POJ_3368_Frequent values_线段树

今天怎么不开心

题意：

给一个长为n的整数不下降序列，给q个询问，每次询问一个区间l,r中出现次数最多的整数的出现次数是多少。

Input

The input consists of several test cases. Each test case starts with a line containing two integers
n and q (1 ≤ n, q ≤ 100000). The next line contains
n integers a1 , ... , an (-100000 ≤ ai ≤ 100000, for each
i ∈ {1, ..., n}) separated by spaces. You can assume that for each i ∈ {1, ..., n-1}: ai ≤ ai+1. The following
q lines contain one query each, consisting of two integers
i and j (1 ≤ i ≤ j ≤ n), which indicate the boundary indices for the

query.

The last test case is followed by a line containing a single 0.

Output

For each query, print one line with one integer: The number of occurrences of the most frequent value within the given range.

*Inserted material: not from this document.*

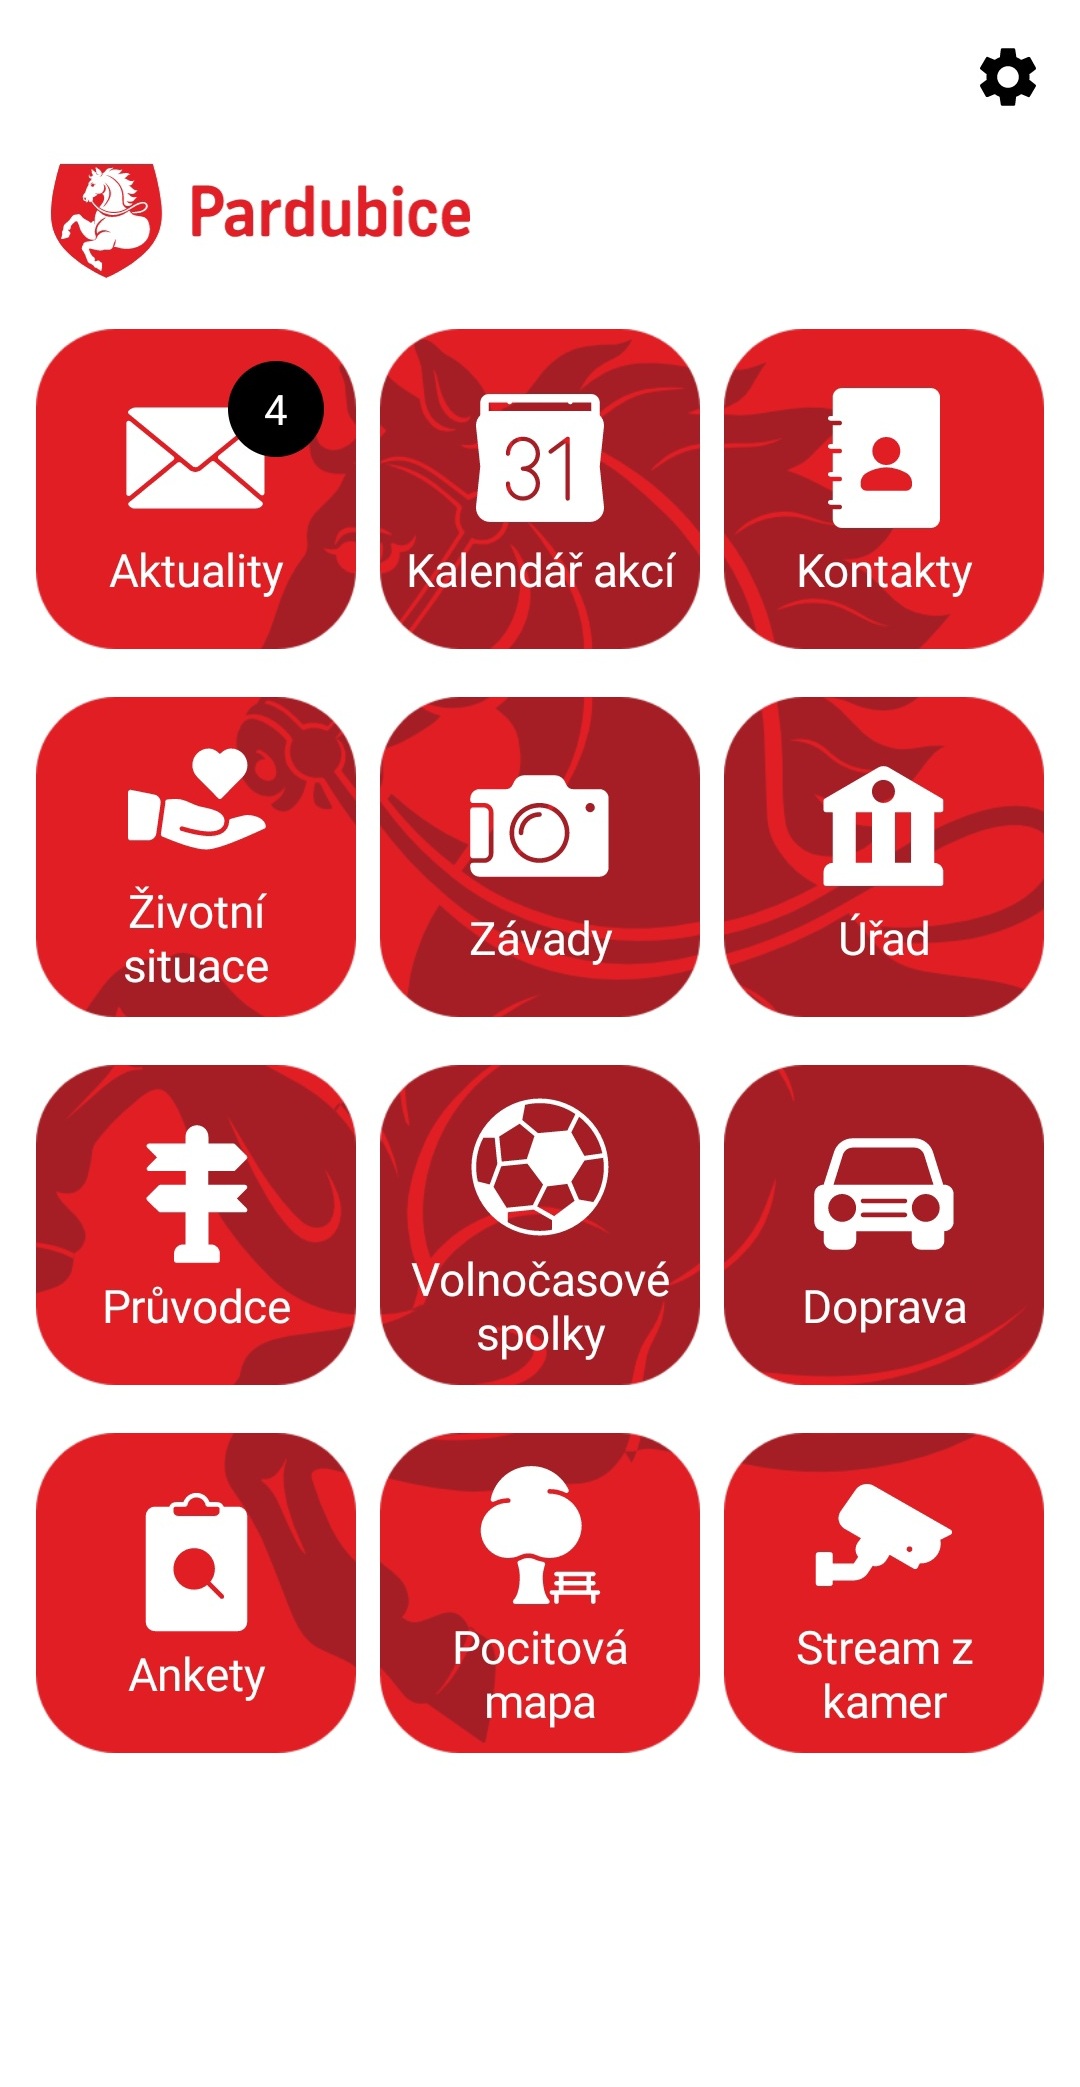 Pardubice spustily novou aplikaci

题意简单粗暴，一看就是维护区间信息的数据结构，线段树每个点维护三个值即可，看评论里大多数说是RMQ，应该是指稀疏表的做法吧。

线段树每个点维护最值、左边连续区间、右边连续区间三个信息，最值由两个子节点的最值、左子节点右端+右子节点左端求得。

代码如下：

#include<iostream>
#include<cstdio>
#include<cstring>
#include<string>
#include<cmath>
using namespace std;
#define mxn 100010
int n,q;
int a[mxn];
struct item{
int val;
int cnt;
item(){}
item(int a,int b){
val=a;
cnt=b;
}
};
struct node{
int ll,rr;
item maxx;
item lft,rgt;
node(){}
node(item a,item b,item c){
lft=a;
maxx=b;
rgt=c;
}
};
class segment_tree{
private:
node nd[mxn<<2];
void merge(int id){
int m=(nd[id].ll+nd[id].rr)>>1,ls=id<<1,rs=ls|1;
nd[id].maxx=nd[ls].maxx.cnt>nd[rs].maxx.cnt ? nd[ls].maxx : nd[rs].maxx;
if(nd[ls].rgt.val==nd[rs].lft.val&&nd[id].maxx.cnt<nd[ls].rgt.cnt+nd[rs].lft.cnt){
nd[id].maxx.val=nd[ls].rgt.val;
nd[id].maxx.cnt=nd[ls].rgt.cnt+nd[rs].lft.cnt;
}
nd[id].lft=nd[ls].lft;
if(nd[ls].lft.val==nd[rs].lft.val)	nd[id].lft.cnt+=nd[rs].lft.cnt;
nd[id].rgt=nd[rs].rgt;
if(nd[rs].rgt.val==nd[ls].rgt.val)	nd[id].rgt.cnt+=nd[ls].rgt.cnt;
}
public:
void build(int l,int r,int id){
nd[id].ll=l;
nd[id].rr=r;
if(l==r){
nd[id].maxx=nd[id].lft=nd[id].rgt=item(a[l],1);
return;
}
int m=(l+r)>>1,ls=id<<1,rs=ls|1;
build(l,m,ls);
build(m+1,r,rs);
merge(id);
}
node find(int l,int r,int id){
if(nd[id].ll==l&&nd[id].rr==r)
return nd[id];
int m=(nd[id].ll+nd[id].rr)>>1,ls=id<<1,rs=ls|1;
node a,b;
if(r<=m)	return find(l,r,ls);
else if(l>m)	return find(l,r,rs);
else{
a=find(l,m,ls);
b=find(m+1,r,rs);
if(a.rgt.val==b.lft.val&&a.maxx.cnt<a.rgt.cnt+b.lft.cnt){
a.maxx.cnt=a.rgt.cnt+b.lft.cnt;
a.maxx.val=a.rgt.val;
}
if(a.maxx.cnt<b.maxx.cnt)
a.maxx=b.maxx;
if(a.rgt.val==b.rgt.val)
a.rgt.cnt=a.rgt.cnt+b.rgt.cnt;
else	a.rgt=b.rgt;
if(a.lft.val==b.lft.val)
a.lft.cnt=a.lft.cnt+b.lft.cnt;
return a;
}
}
}Tree;
int main(){
while(scanf("%d",&n)!=EOF&&n){
scanf("%d",&q);
for(int i=0;i<n;++i)	scanf("%d",&a[i]);
Tree.build(0,n-1,1);
int l,r;
node tem;
for(int i=0;i<q;++i){
scanf("%d%d",&l,&r);
tem=Tree.find(l-1,r-1,1);
printf("%d\n",tem.maxx.cnt);
}
}
return 0;
}